CentOS 7 network restart and Open vSwitch

Hello!
When I setup the OVS with the network-scripts I pasted below, everything works just fine (opennebula adds ports to the switch, removes them, etc.), but if somehow the network script is restarted, all the created ports are removed and we are back to the “bridge with only eth0 port” OVS config.
Looks like the networking-scripts destroy the OVS and recreates, so all the ports created by OpenNebula are lost, the only way to have them back is running “ovs-vsctl add-port” with the old port name.
Did you have that issue? How did you solved it?
Is adding the OVS config to the network scripts the right approach?

Thanks!

=========> ifcfg-br0 <=========
DEVICE=br0
TYPE=OVSBridge
BOOTPROTO=static
IPADDR=xx.xx.xx.xx
NETMASK=255.255.255.0
ONBOOT=yes


=========> ifcfg-eth0 <=========
# added by KwikStart
DEVICE=eth0
BOOTPROTO=none
ONBOOT=yes
PEERDNS=no
NETWORKING_IPV6=no
NOZEROCONF=yes
HWADDR=xx:xx:xx:xx
OVS_BRIDGE=br0
TYPE=OVSPort
DEVICETYPE=ovs
HOTPLUG=no

==================
Open vSwitch Version: 2.3.2
CentOS Linux release 7.2.1511 (Core)

Hi @GermanG

We found the same issue running CentOS 7.3 hyps with OVS 2.5.2, and is quite easy to reproduce, if you restart the network service OVS also removes all the ports connected to the current bridge and creates a new one from scratch running this command:

ovs-vsctl -t 10 – --if-exists del-port br100 em2 – add-port br100 em2

So before the network restart you have something like this:

$ ovs-vsctl list-ports br100
em2
one-405-0
one-405-1
one-527-0
one-534-0

but after a service network restart your bridge ports are gone:

$ ovs-vsctl list-ports br100
em2

So you lost the VM network connection, the VMs are running but the port connection is not there…

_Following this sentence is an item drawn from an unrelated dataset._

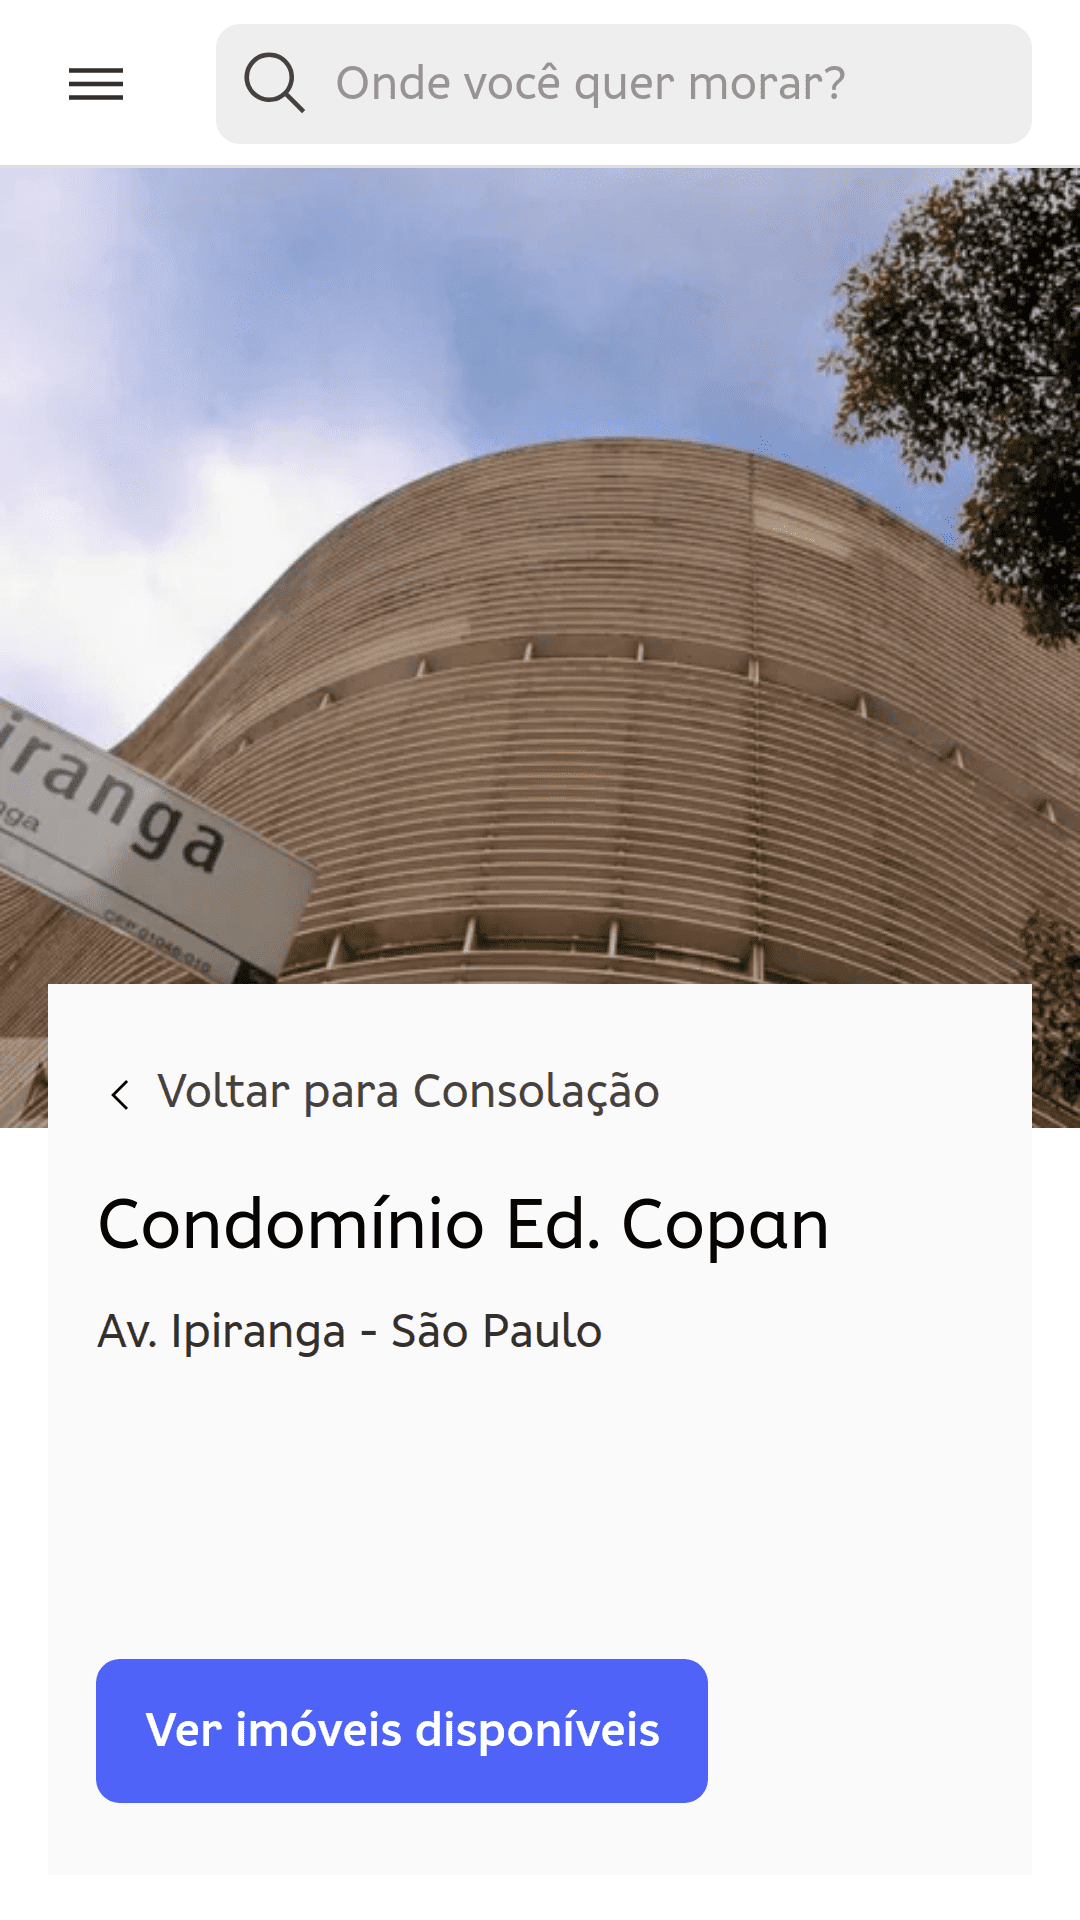 صفحة الوحدات السكنية الخاصة بمجمّع Edifício Copan (ساو باولو، البرازيل). تعرض صورة يتم التقاطها على مستوى الأرض منحنيات هيكل المبنى.

The only workaround that I found in that case is just reboot the VMs or migrate the VMs to another hypervisor, the ports and VLANs are attached again due to the VNM network driver and everything comes back to normal.

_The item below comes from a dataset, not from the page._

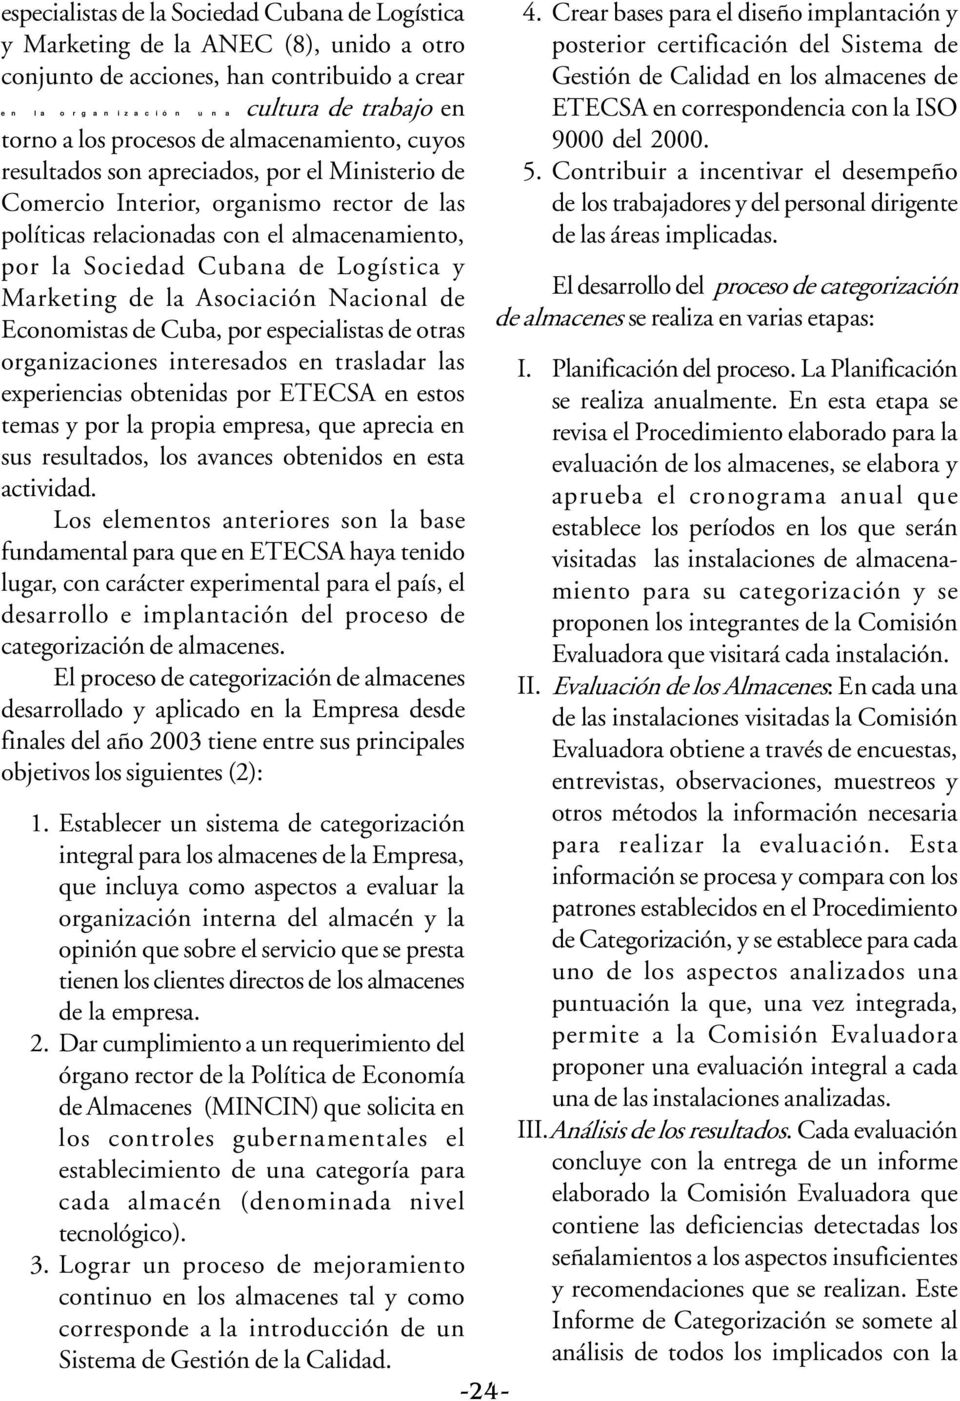 Cubana de Logística y Marketing de la Asociación Nacional de Economistas de Cuba, por especialistas de otras organizaciones interesados en trasladar las experiencias obtenidas por ETECSA en estos

I was also wondering how to solve this issue automatically from OpenNebula without this workaround (sometimes you don’t want to reboot the VM or you cannot migrate the VM to another hyp).

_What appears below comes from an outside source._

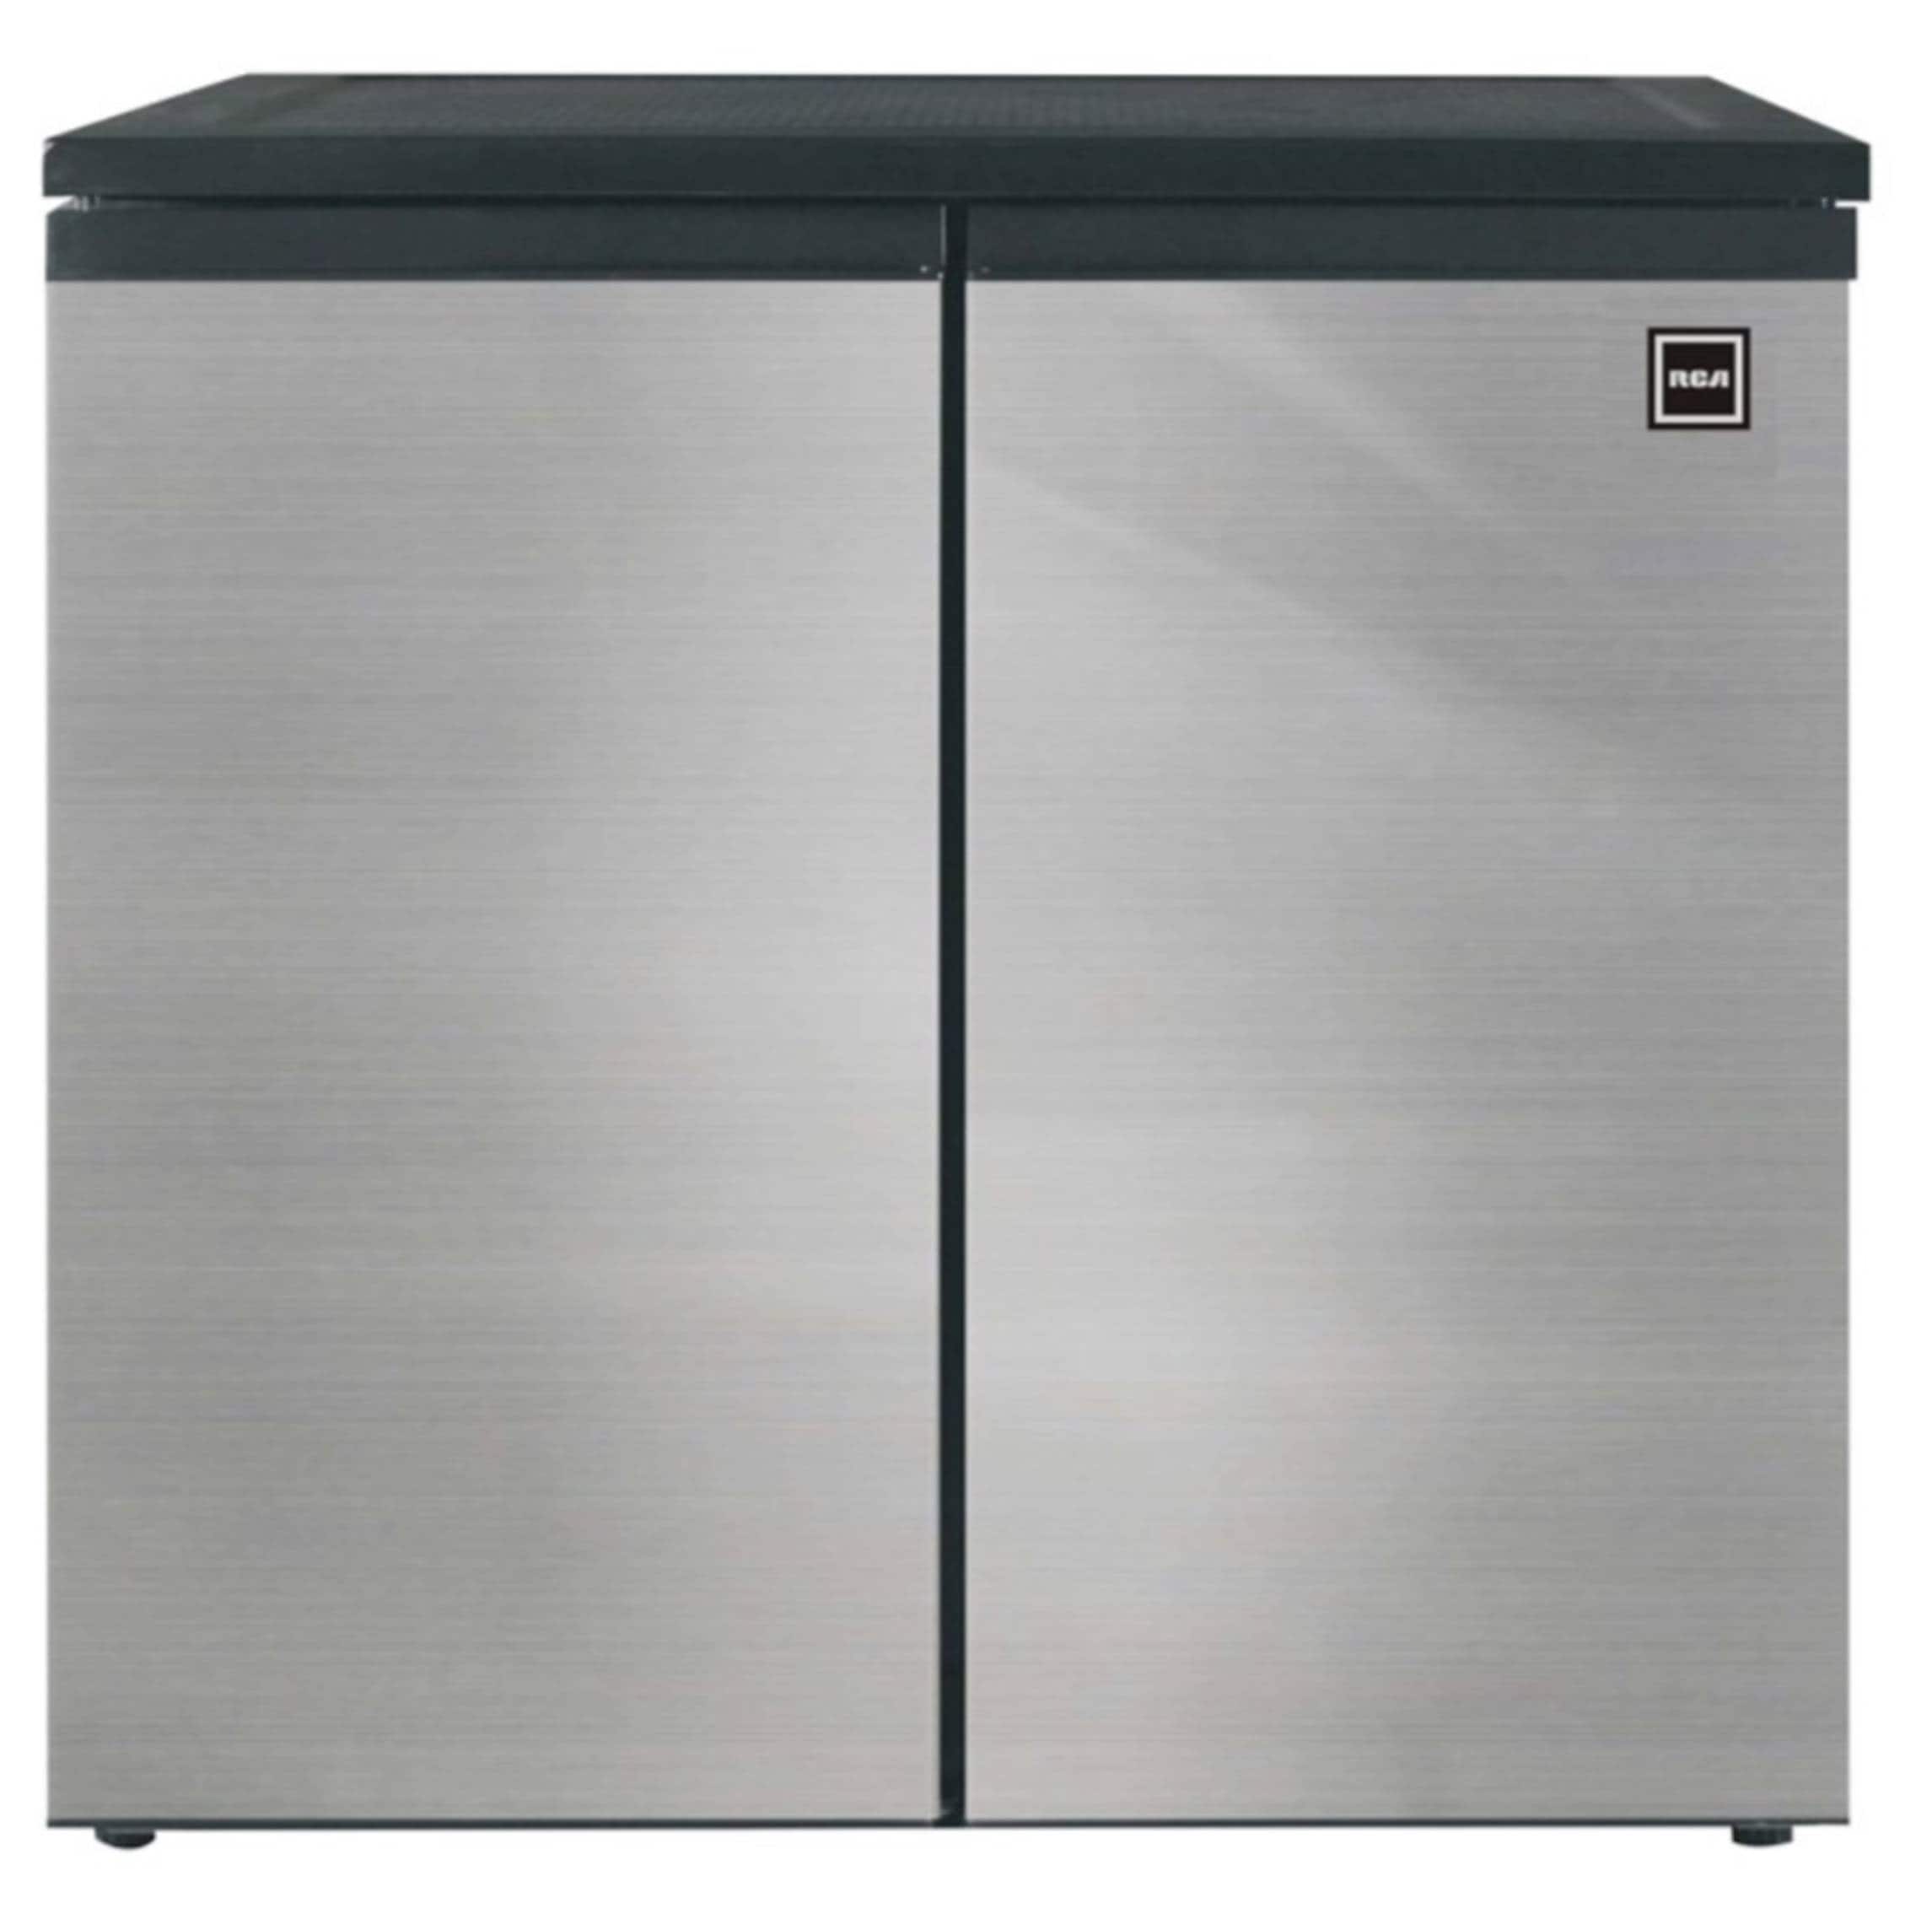 RCA - 2-Door - Compact Refrigerator/Freezer - Reversible Doors

Maybe the OpenNebula developers could give us some clue how to fix this for OVS networks… it should be done by the OpenNebula OVS driver, I think that the Post hook is executed after VM instantiation so in this case we should force to execute the Post hook again, this should execute the ovs-vsctl set Port one-<id>-0 tag=<vlan> again to recover the VMs network, is that possible? anyone else had the same issue?

Cheers and thanks!
Álvaro

Hi

I also found that the VM SUSPEND action also restores and executes the VNM Post script so the ports are recovered after a resume but I’m still wondering how to execute the VNM Post script without changing the VM RUNNING status.

Cheers
Álvaro

Sounds interesting. We will review this here:
https://dev.opennebula.org/issues/5130

hi @jmelis

Thanks a lot! for the moment what we did was just include a homemade package called ifup-ifdown-local in our hyps that is executed during network restart to keep the OVS ports. The package only includes 2 scripts /sbin/ifdown-local and /sbin/ifup-local to keep everything after any network restart (VXLAN networks are not affected by this btw).

This is just a workaround but I think that it could be a good idea if OpenNebula is able to check the hyp network to recover the ports, and is also quite generic, it should be valid for vxlan or any other network plugin, just execute the post script if the ports are missing. In our case is just to look for one-VMID-NICID ports.

Cheers
Álvaro

1 Like